Bossert had the burden to show MacArthur's products proximately caused his asbestosis. See Morrison v. Grand Forks Hous. Auth., 436 N.W.2d 221, 226 n. 8 (N.D. 1989). When deciding whether Bossert showed proximate cause, we look to North Dakota law. See Jackson v. Anchor Packing Co., 994 F.2d 1295, 1301 (8th Cir. 1993). The usual definition of proximate cause in North Dakota is "that cause which, as a natural and continuous sequence, unbroken by any controlling intervening cause, produces the injury, and without which it would not have occurred." Andrews v. O'Hearn, 387 N.W.2d 716, 727 (N.D. 1986) (internal quotations omitted). A cause is proximate if it "had a substantial part in bringing about the harm or injury either immediately or through happenings which follow one another." Id. North Dakota courts have not addressed the standard for proving causation in the specific context of an asbestos personal injury case, and MacArthur urges us to use the "frequency, regularity, and proximity" test used in other states. See, e.g., Jackson, 994 F.2d at 1301-03 (applying Arkansas law); Lohrmann v. Pittsburgh Corning Corp., 782 F.2d 1156, 1162-63 (4th Cir. 1986) (applying Maryland law). Because Bossert failed to produce substantial evidence of exposure to MacArthur's products, however, Bossert cannot satisfy any proximate cause standard.

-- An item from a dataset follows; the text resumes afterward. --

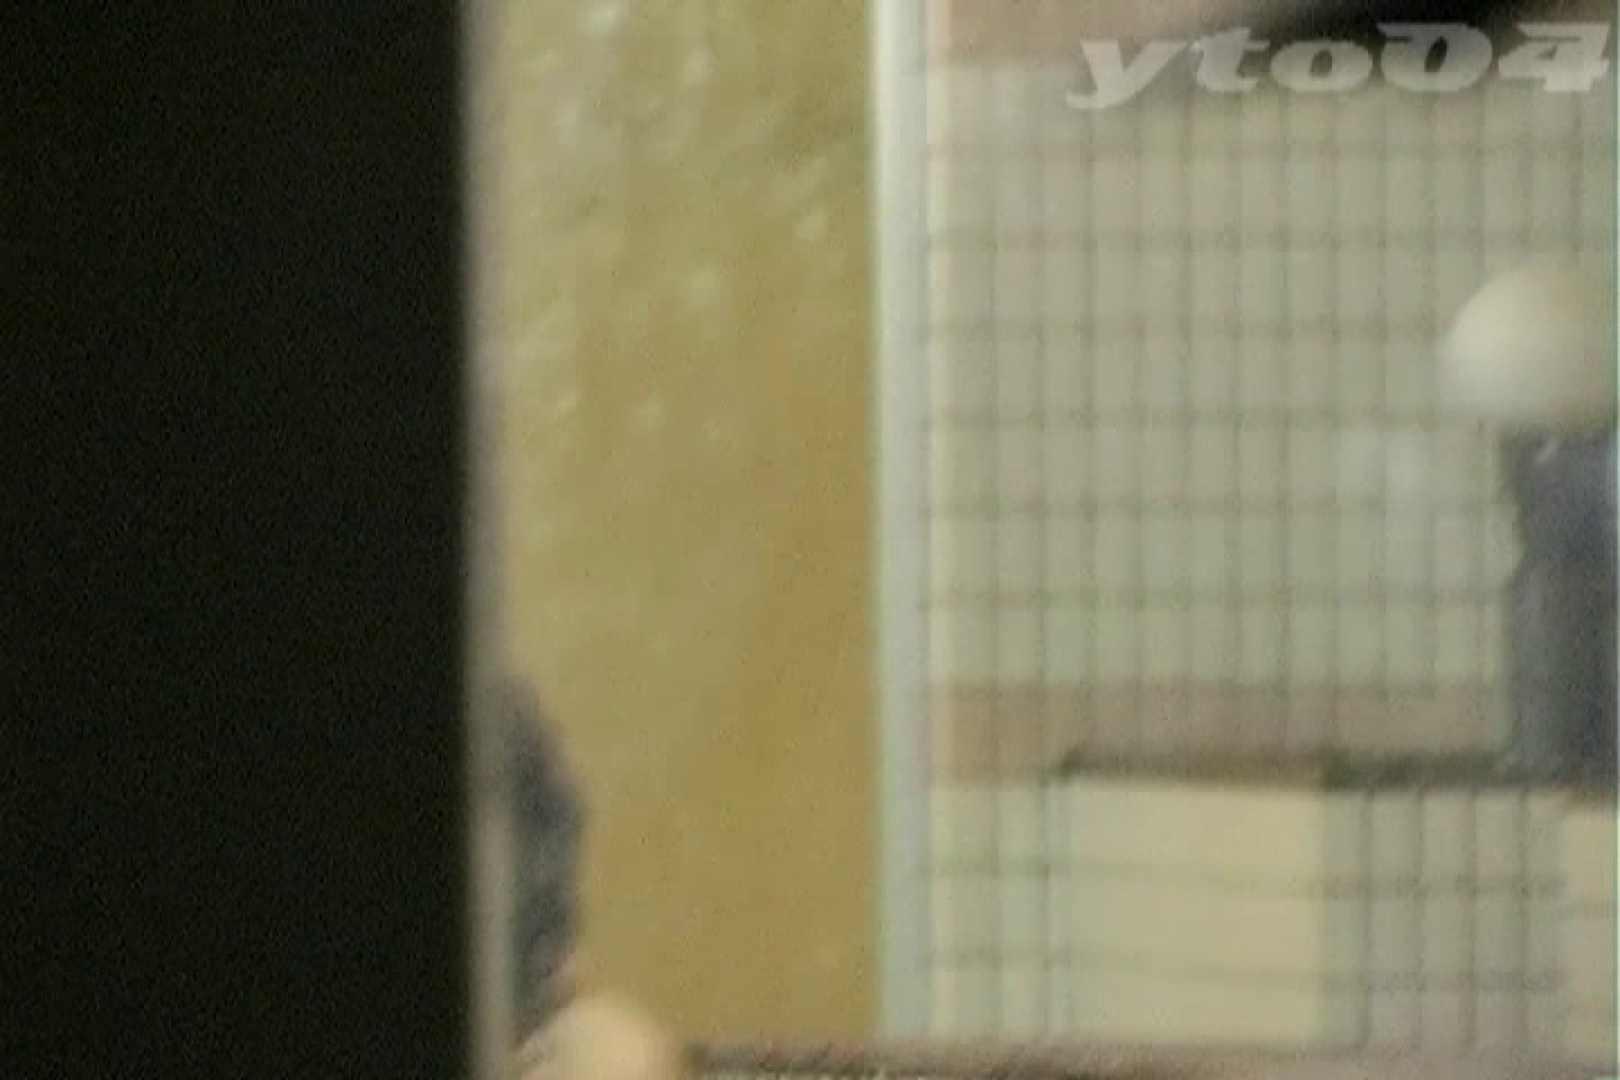 ▲復活限定▲合宿ホテル女風呂盗撮 Vol.24 ホテル 盗撮動画紹介 50PIX 15

Bossert's proof of exposure to MacArthur's products was entirely circumstantial, and was limited to the trial testimony of Robert Clooten, a former insulation tradesperson at the Amoco Oil Refinery in Mandan, North Dakota. Bossert did not know whether he had been exposed to MacArthur's products, but alleged he could have been exposed at the Amoco refinery, where he worked for a three-month period in 1967, a three-month period in 1969, and two three-week periods in 1969. Clooten testified that about half of the asbestos-containing cements installed in the Amoco refinery from 1954 to 1965 were manufactured by MacArthur, and about half of the original pipe covering was still in place. Nevertheless, Clooten testified there are hundreds of miles of pipe in the 900-acre refinery and he could not specify which ones were covered with MacArthur's products. Given only this vague testimony, we agree with MacArthur that any inference of Bossert's exposure to MacArthur's products is entirely speculative. Thus, we cannot say that MacArthur's products played any part in bringing about Bossert's asbestosis. Bossert never worked at the refinery until after the products' installation, and there was no evidence that Bossert worked near areas where the products were installed. Because Bossert's evidence was insufficient to support a reasonable inference that Bossert was actually exposed to MacArthur's products or that exposure to MacArthur's products proximately caused his asbestosis, we reverse the district court's denial of JAML to MacArthur. Having granted MacArthur JAML, we need not consider MacArthur's other arguments.
Owens-Corning contends the district court improperly instructed the jury it could award damages for Bossert's increased risk of contracting cancer because the evidence did not show Bossert will probably contract cancer. We agree.
In North Dakota, damages for future medical injuries cannot be awarded unless there is substantial evidence to show with reasonable medical certainty that the future medical injuries will develop. See Olmstead v.